Working during the dark days of the WWII, Matisse sought to created a world in harmony and peace, and heartily embraced his carefree and colorful cutouts. He defied the Nazis and the blacked out windows with his outrageous colors and forms. Rotating, inverting and changing his art as he worked must have been quite liberating in a time of occupation and strife. As the war wore on, his extraordinary works became both grander and, at the same time, simpler. He produced an enormous body of work, both in number and size.
I would have loved to be a fly on the wall in his bedroom studio in Vence, France and watch him work with those dazzling piles of paper, a cane tipped with charcoal to draw his visions, those hypnotizing gliding scissors, and a simple bamboo wand (and elegant assistants) to place them on the studio walls.

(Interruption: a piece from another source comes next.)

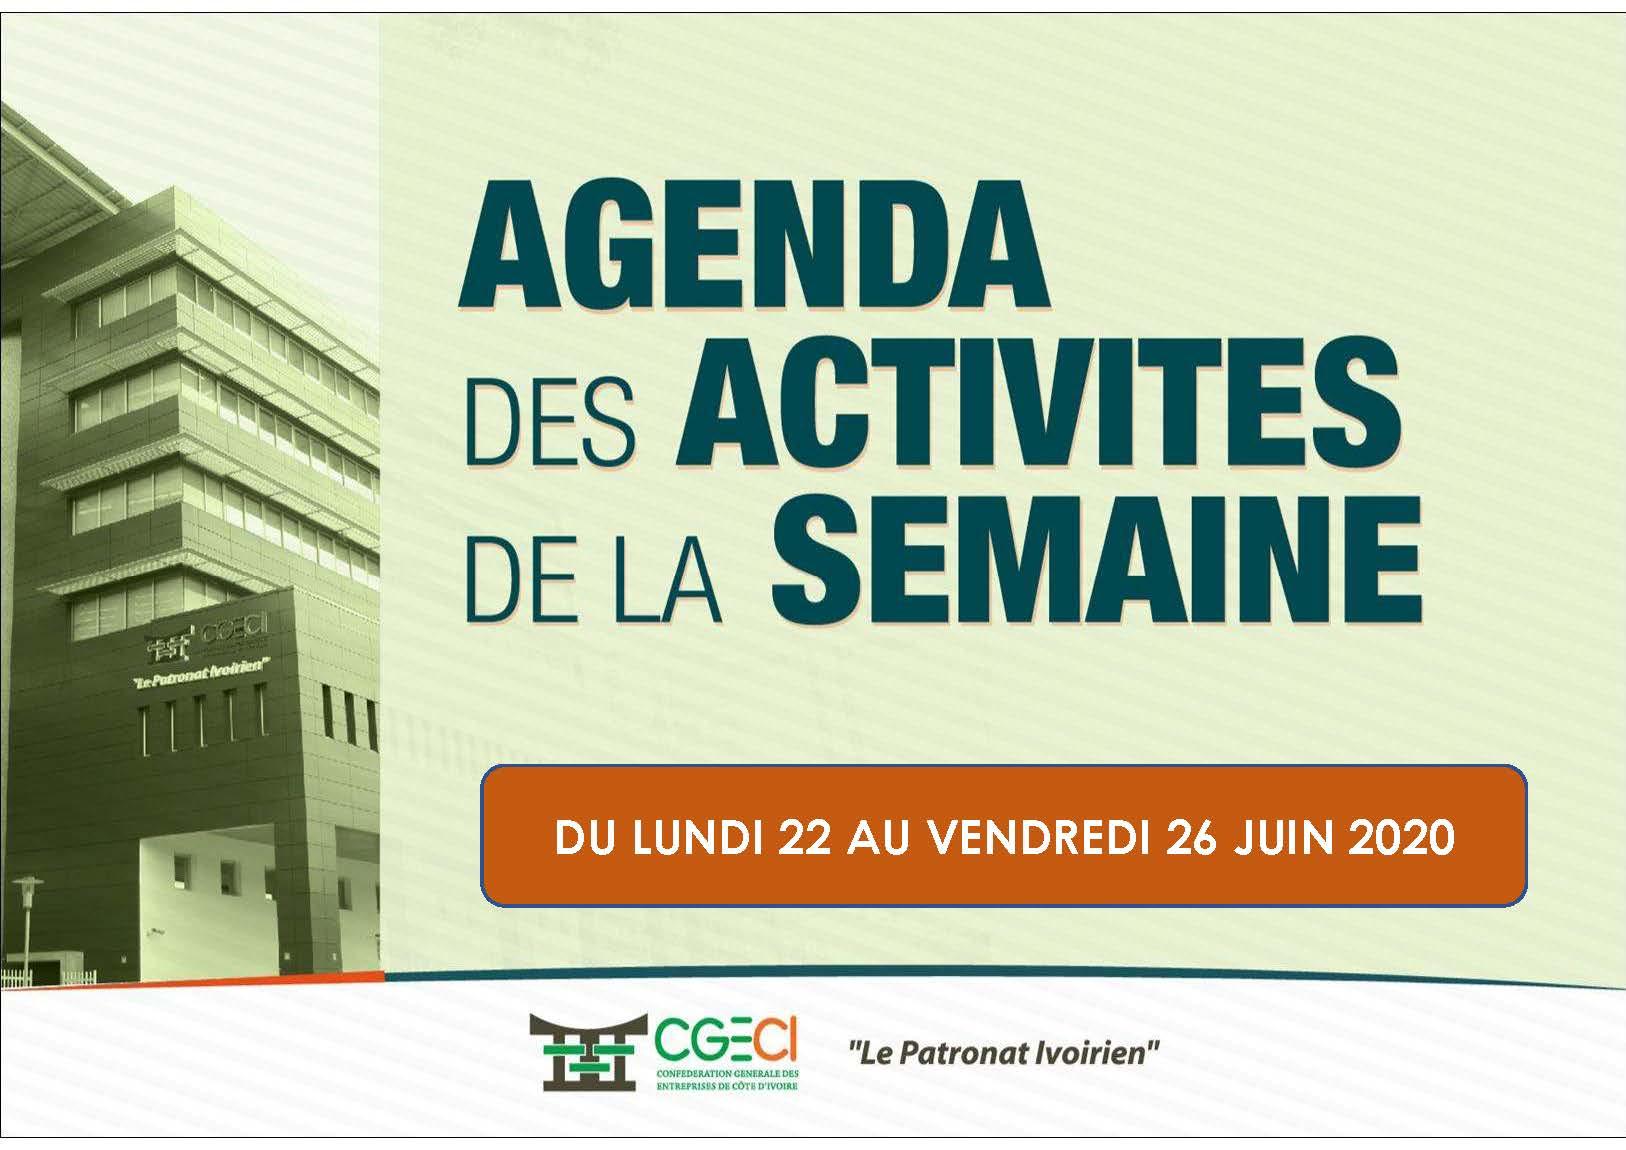 AGENDA DE LA SEMAINE DU 22 AU 26 JUIN 2020

The Tate Modern expo is jammed-packed with so many of his famous pieces, but I was particularly taken with his blue nudes. It was striking to see all four of these joyful and seemingly effortless women in the same room at the same time, I was also caught by one of his most abstract works, The Snail, and the fascinating story of how it was recently and lovingly resorted by the museum.
A spiritual soul, his art wasn’t limited to wall cutouts, in his last years, at the age of 77, he began worked on the redesign of the small Dominican Chapel of the Rosary (Chapelle du Rosaire) on the hills above the Mediterranean at Vence, not far from Nice. The views of the sea from the chapel are stunning as is the chapel itself. Rising up from the rocky terrain, the blue and white tiles and the lofty cross, bejeweled with gilded fires and crescents, seem to rise out of nowhere. Matisse “wanted those entering the chapel to feel themselves purified and lightened of their burdens,” and that he has achieved. The chapel is his self-proclaimed chef-d’oeuvre. “It isn’t perfect, but it is my masterpiece…and the fruit of (my) whole working life,” he asserted. He was the architect, designer and artist from start to finish. Everything is Matisse’s work from the altar and furnishings to the liturgical items, and simplistic passion triumphs throughout. The stained-glass windows are of course breathtaking, especially in contrast to the stark white walls. First designed as cutouts, they are humble, yet dramatic, as are the priests’ vestments, still worn for mass today. A perfect study in how stripping away the details lead to the most pure expression, it is a colorful and calm escape. Simply exquisite.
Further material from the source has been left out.